The ABC’s Law Report has a terrific programme on the issues, including interviews with Everiss, Collins, US academic Brian Murchison and Everiss’s Australian lawyer.

Topics: Defamation, Internet issues | 46 Comments »

Just as long as you’re not “impugning Parliament”…

November 6, 2009

Another part of Justice Dobson’s decision in Leigh (discussed below) revolves around the court’s anxiousness not to involve the courts in any impugning of Parliament. He rules that Ms Leigh can’t use Trevor Mallard’s attack on her in Parliament during Question Time to support her case.

There is good authority for this rule. One is the Bill of Rights 1688, which warns courts off calling into question anything that’s said in Parliament. Another is the principle of comity, a Gentlemen’s agreement between Parliament and the Courts not to muscle into each others’ territory. In defamation actions, then, the courts shouldn’t involve themselves in evaluating whether something said in the House is untrue or misleading or inspired by improper motives.

The point Ms Leigh wants to make is that the Briefing Paper (and the later oral briefing) were always likely to be drawn upon by the Minister in the House, and their very public and damaging republication in Parliament was thus a natural and probable consequence of the original (alleged) defamations – a republication for which the briefer should be held responsible, even though the Minister himself can’t be sued for what he said.

The judge said that this would inevitably invite the court to compare what the Minister said with what he was told. True. And if the Minister embellished what he was told, that comparison would inevitably involve critically analysing any defamatory meanings inherent in the Minister’s speech. I’m not sure the second part follows. You don’t have to characterise the embellishment as defamatory or otherwise, just separate it, ie identify which bits effectively repeat what he was told and which bits don’t. But perhaps it’s harder to separate meanings than I think. That may be another point on appeal, I guess.

Anyway, on to the amusing point. Here’s some of what the Minister said in Parliament:

Erin Leigh had repeated competence issues. She had to fix up the piece of work that she was employed to do six times after complaints from senior officials from a number of departments. As a result of that, someone had to come in and fix up that mess. Clare Curren was employed to do that…
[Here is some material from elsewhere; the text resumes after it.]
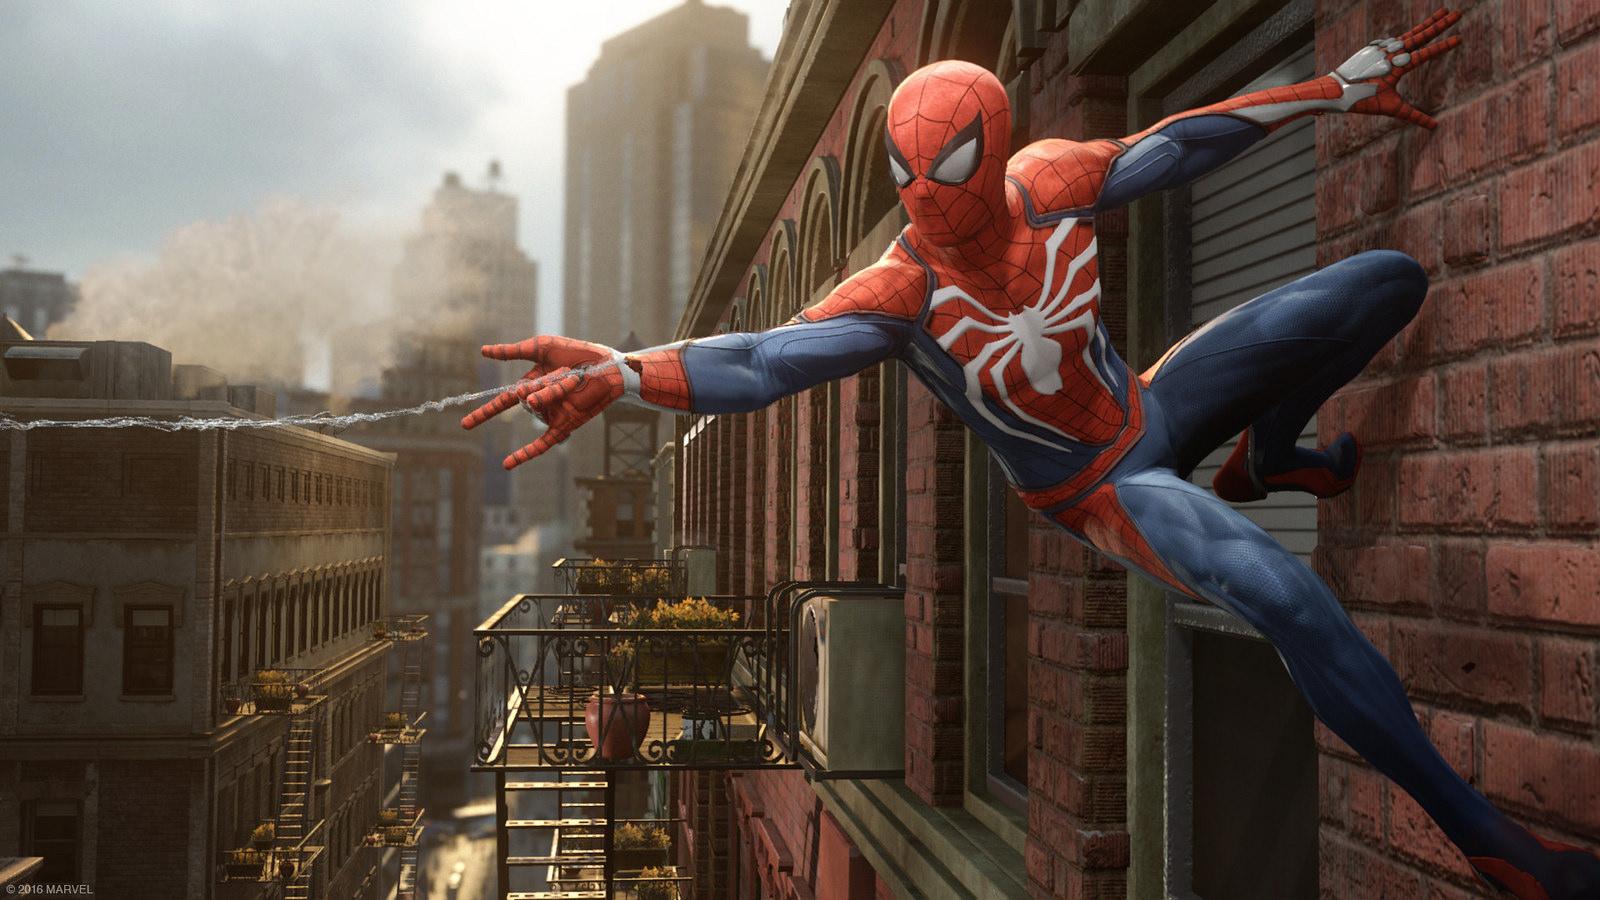 Spider-Man di Insomniac Games è esclusiva PlayStation 4

Ministers have the right to insist on competent advice. That has been established for a long period of time. When something comes to them six times and is criticised by officials not only from the Ministry for the Environment but from other Government departments, I think that any reasonable chief executive would look for someone who could do the work. When there is someone available to try and fix up the mess who did climate change strategic work for the Australian Liberal Government, I can understand why the Ministry employed her…

[Erin Leigh], who is a sad person, who had six attempts at doing a piece of work, and who was replaced on that job…

It seems the Minister purported to understand the Briefing Paper in the way that the judge said it wasn’t capable of being interpreted. Perhaps the later oral briefing added some more juice to the allegations.

More amusingly: the judge can be read as being pretty scathing about the Minister’s comments. They “may be considered critical and demeaning of Ms Leigh”. The words in the Briefing Paper “do not provide a foundation” for the comments about competence; “nor does it warrant the comment” that Clare Curren had to fix up botched work.

Now, bear in mind that it’s possible that the oral briefing provided better foundation for the comments. And bear in mind that the judge is simply trying to explain why allowing Ms Leigh to use the republication in the House would force the court to evaluate any defamatory meanings in the Minister’s words. And bear in mind that it does seem likely that the Minister stretched what he’d been told to squeeze out maximum political benefit.

But, you know, the difference between this judgment, and another one that may impugn the Minister’s words, rather eludes me.

Topics: Defamation, Parliamentary privilege | 50 Comments »

Are too

November 4, 2009

Remember Erin Leigh? She was working on contract on a climate change communications strategy for the Ministry for the Environment when Clare Curren, another communications adviser, was appointed to oversee her work. Ms Leigh left. A political shitstorm blew up the following year. Was Ms Curren’s appointment politically motivated? Was it really about ideological disagreements with Ms Leigh?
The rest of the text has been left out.